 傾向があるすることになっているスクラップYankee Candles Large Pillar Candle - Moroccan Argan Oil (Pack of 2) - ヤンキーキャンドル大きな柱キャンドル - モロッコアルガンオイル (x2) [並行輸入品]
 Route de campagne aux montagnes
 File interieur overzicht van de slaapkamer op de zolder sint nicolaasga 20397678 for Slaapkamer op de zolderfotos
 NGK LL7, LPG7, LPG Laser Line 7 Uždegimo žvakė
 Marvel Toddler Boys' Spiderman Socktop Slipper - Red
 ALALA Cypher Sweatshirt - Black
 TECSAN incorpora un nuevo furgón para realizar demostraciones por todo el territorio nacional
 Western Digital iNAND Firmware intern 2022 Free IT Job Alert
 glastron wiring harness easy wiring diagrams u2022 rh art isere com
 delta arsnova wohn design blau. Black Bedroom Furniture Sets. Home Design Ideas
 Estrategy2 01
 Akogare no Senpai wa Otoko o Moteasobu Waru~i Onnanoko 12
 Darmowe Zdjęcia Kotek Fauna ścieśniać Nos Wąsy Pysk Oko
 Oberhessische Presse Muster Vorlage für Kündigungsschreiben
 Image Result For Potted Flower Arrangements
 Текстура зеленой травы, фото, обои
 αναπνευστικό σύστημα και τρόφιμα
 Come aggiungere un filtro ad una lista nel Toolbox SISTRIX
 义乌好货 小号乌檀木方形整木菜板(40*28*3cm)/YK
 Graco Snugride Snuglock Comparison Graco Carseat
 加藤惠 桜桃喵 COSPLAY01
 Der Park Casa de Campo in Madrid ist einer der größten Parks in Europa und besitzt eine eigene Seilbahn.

● ● ● ● ● ● ●

THE TASK:
In the records above, some lines may contain the word "Black"; copy every one of them.

PROBLEM SOLUTION:
 ALALA Cypher Sweatshirt - Black
 delta arsnova wohn design blau. Black Bedroom Furniture Sets. Home Design Ideas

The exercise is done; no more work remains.